Union 13
Symptoms of Humanity
Disaster
There's something curiously comforting that sparks within the aural cluster bomb that is Symptoms of Humanity, and it's not just the fiercely plucked acoustic arpeggios that begin this brief-but-boisterous album and shimmer intermittently throughout an otherwise decibel-busting effort. A breathless pace dutifully maintained by the Eastlos straight-edge trio (who blister through the most brutal hardcore found outside an Iraqi insurrection) somehow relaxes your mind despite its guitar grinds and machine-gun drums. Similarly soothing are the shouts of chief guitarist/writer José Mercado, whose howl-a-heartbeat singing style is so ruthless in its rancor that it could, in the wrong hands, be effectively used for PSYOP operations.

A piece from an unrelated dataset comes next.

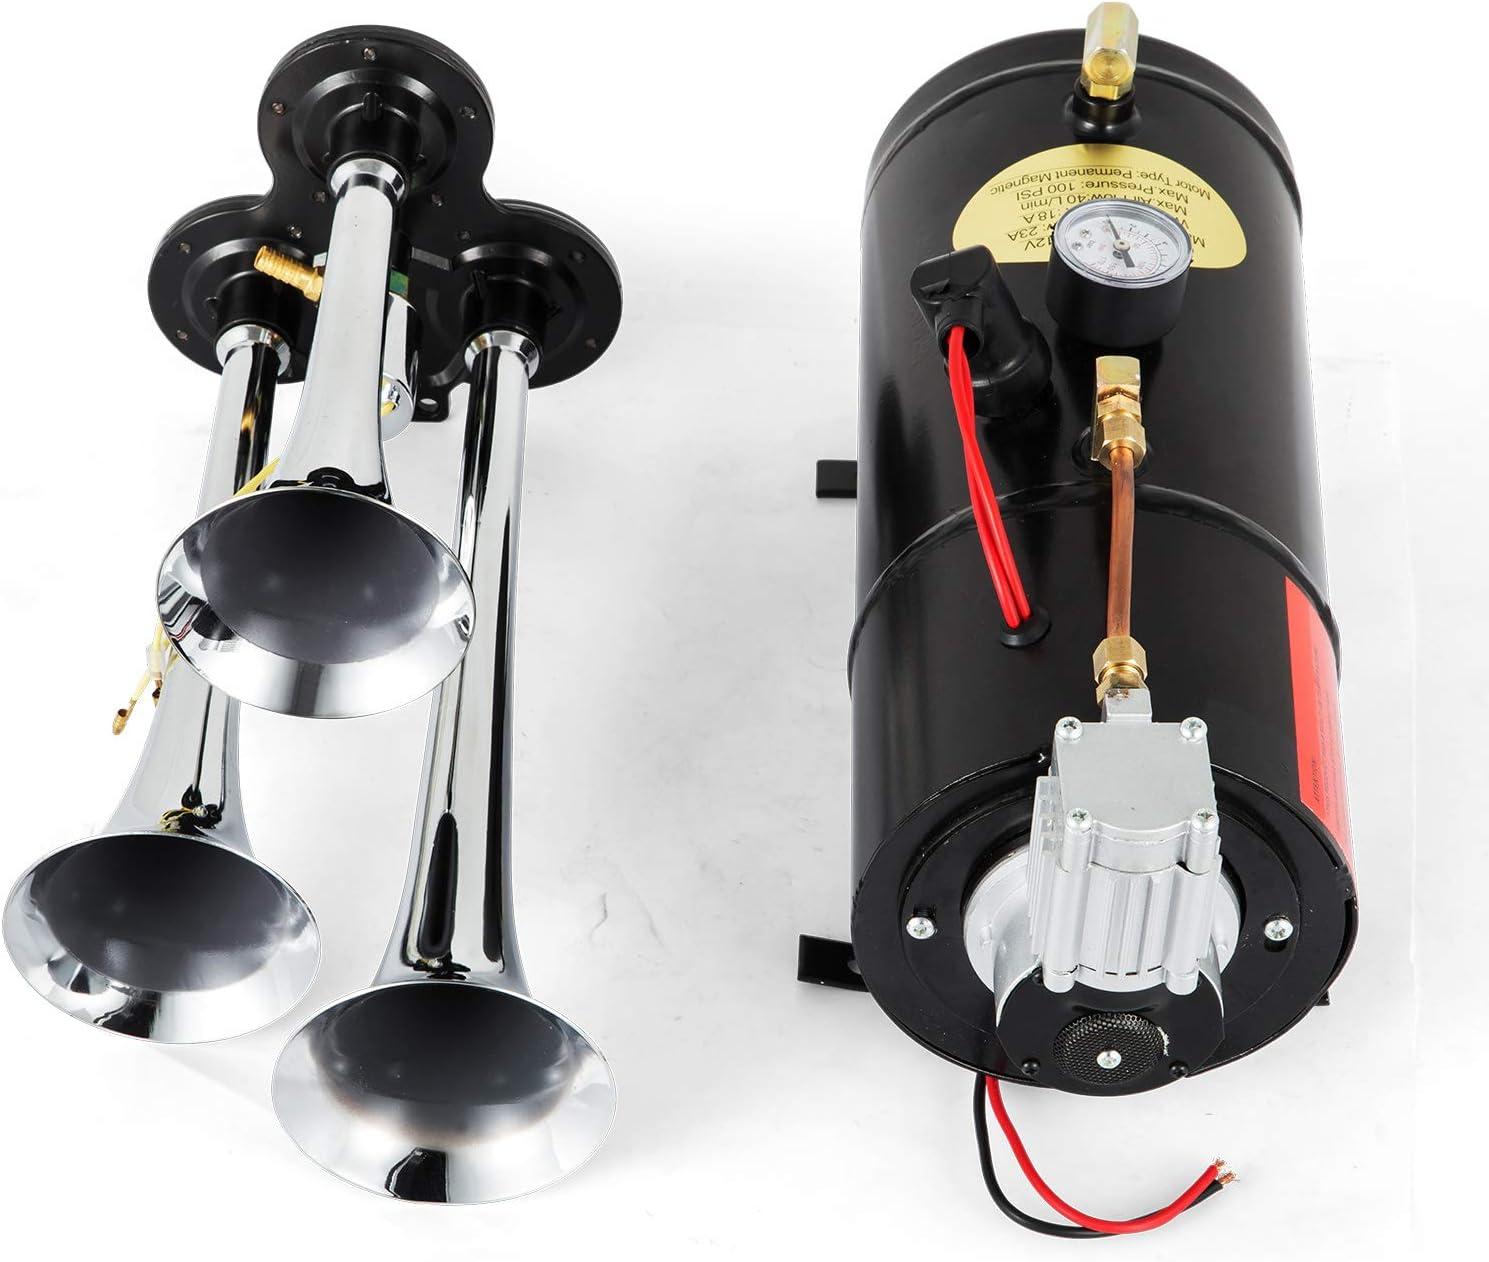 Tromba daria 150db kit tromba tromba TOPQSC con serbatoio aria compressore 120 PSI 6L per camion auto
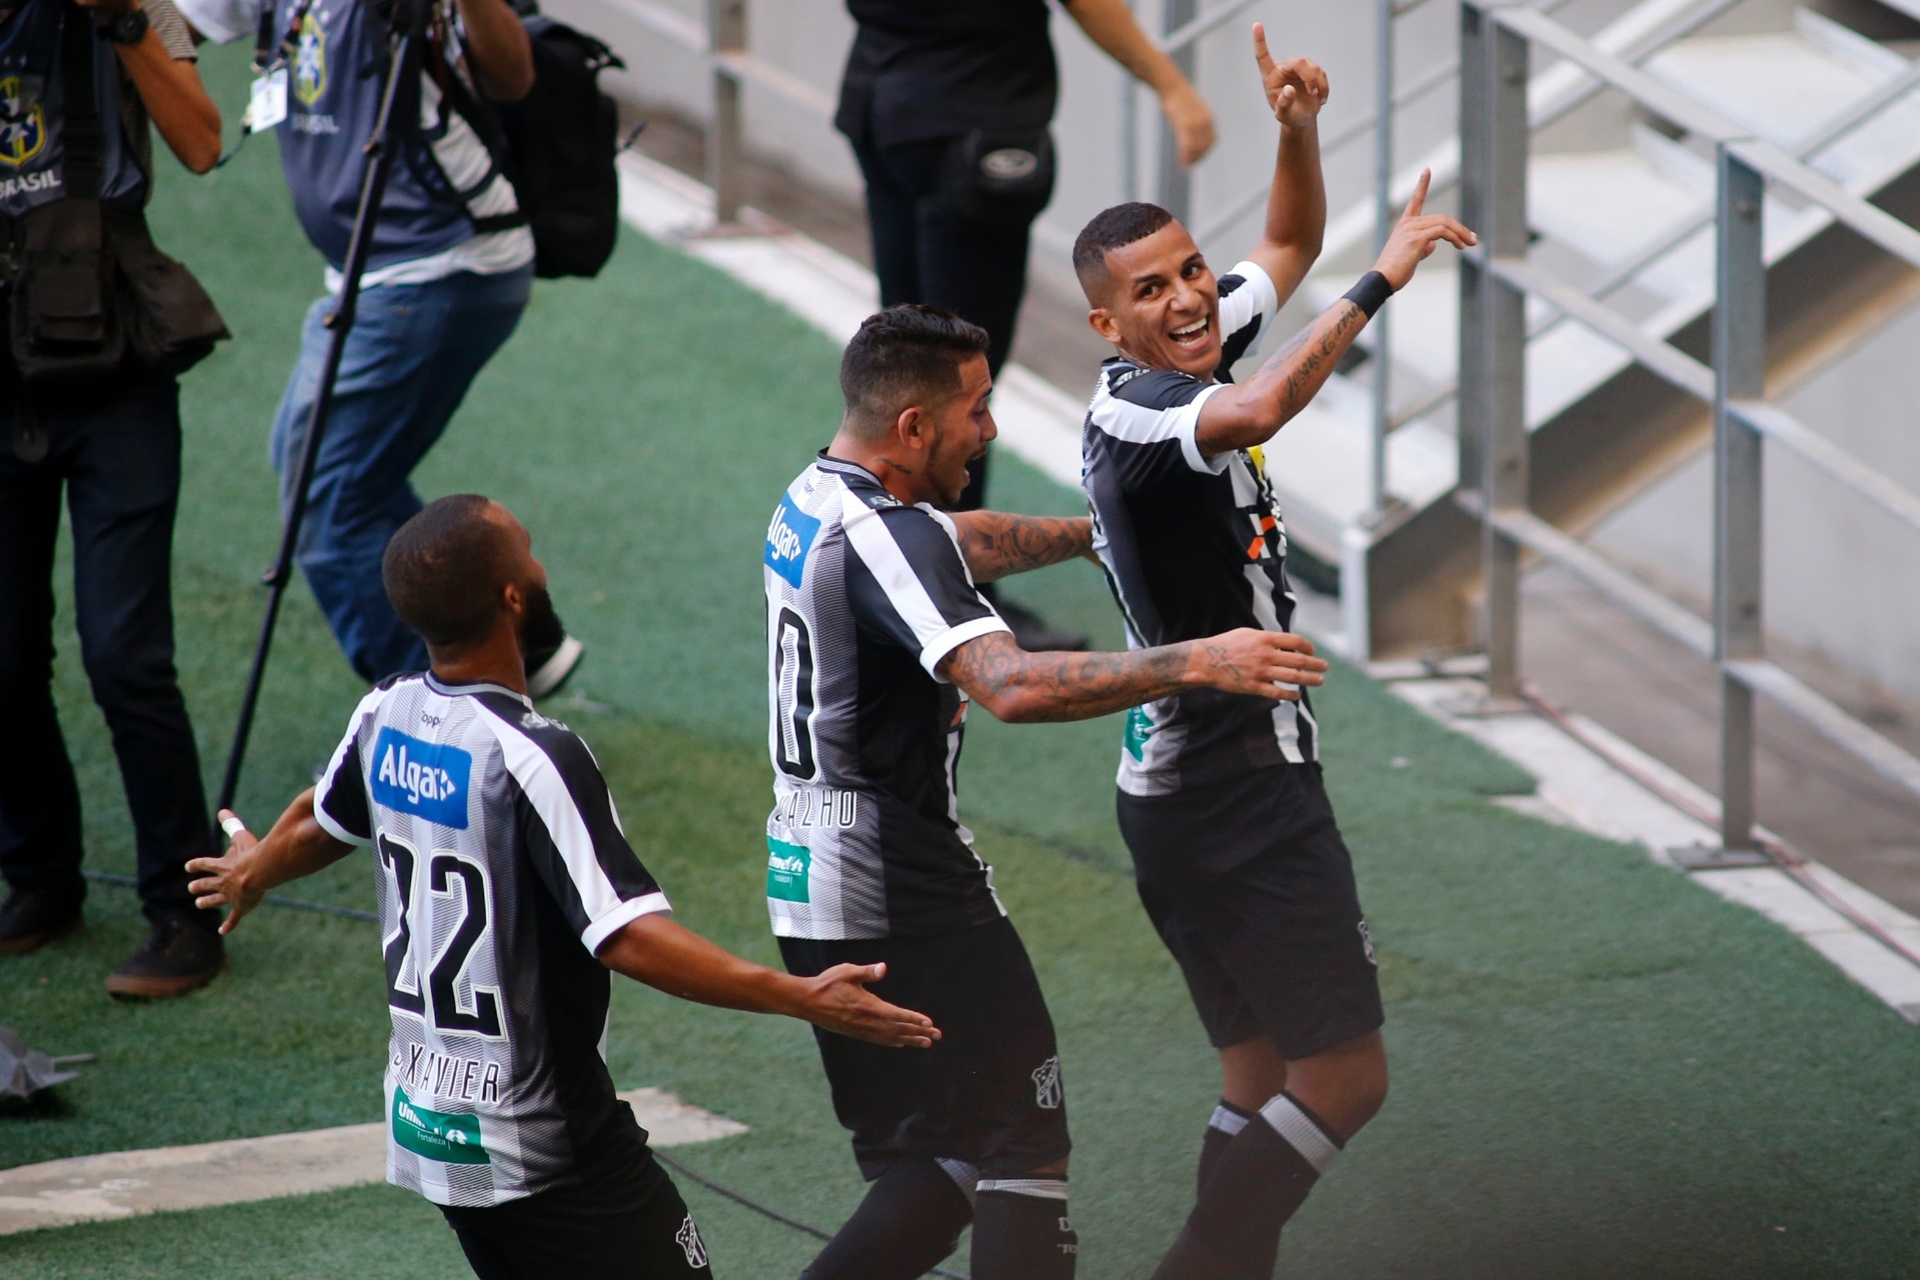 Ceará bate Vitória no Castelão e dorme fora da zona de rebaixamento -  15 09 2018 - UOL Esporte 7c0e1f18202a5

What makes Symptoms of Humanity so reassuring, notwithstanding the jackhammer-on-eardrums music, are Union 13's usual excellent letters, articulate diatribes assailing oil-inspired wars (the grandiosely apocalyptic “No Borders, No Boundaries”), brain-frying multinationals (“Manipulation, Globalist Deeds” should warrant the group a call from Ashcroft for merely thinking it) and pretty much anything else lulling the masses into suicidal complacency. “All our dreams have disappeared/Because political games control destiny,” Mercado growls on “Todos Nuestros Sueños,” one of three tracks en español on Symptoms of Humanity. “It's time to unite and say, 'No more—we want to live free with justice and peace.'” Such psalm-like prose serves as a vigorous tonal tonic for the maladies plaguing the world today, and Union 13's harsh music provides the best chaser any radical could ever dream.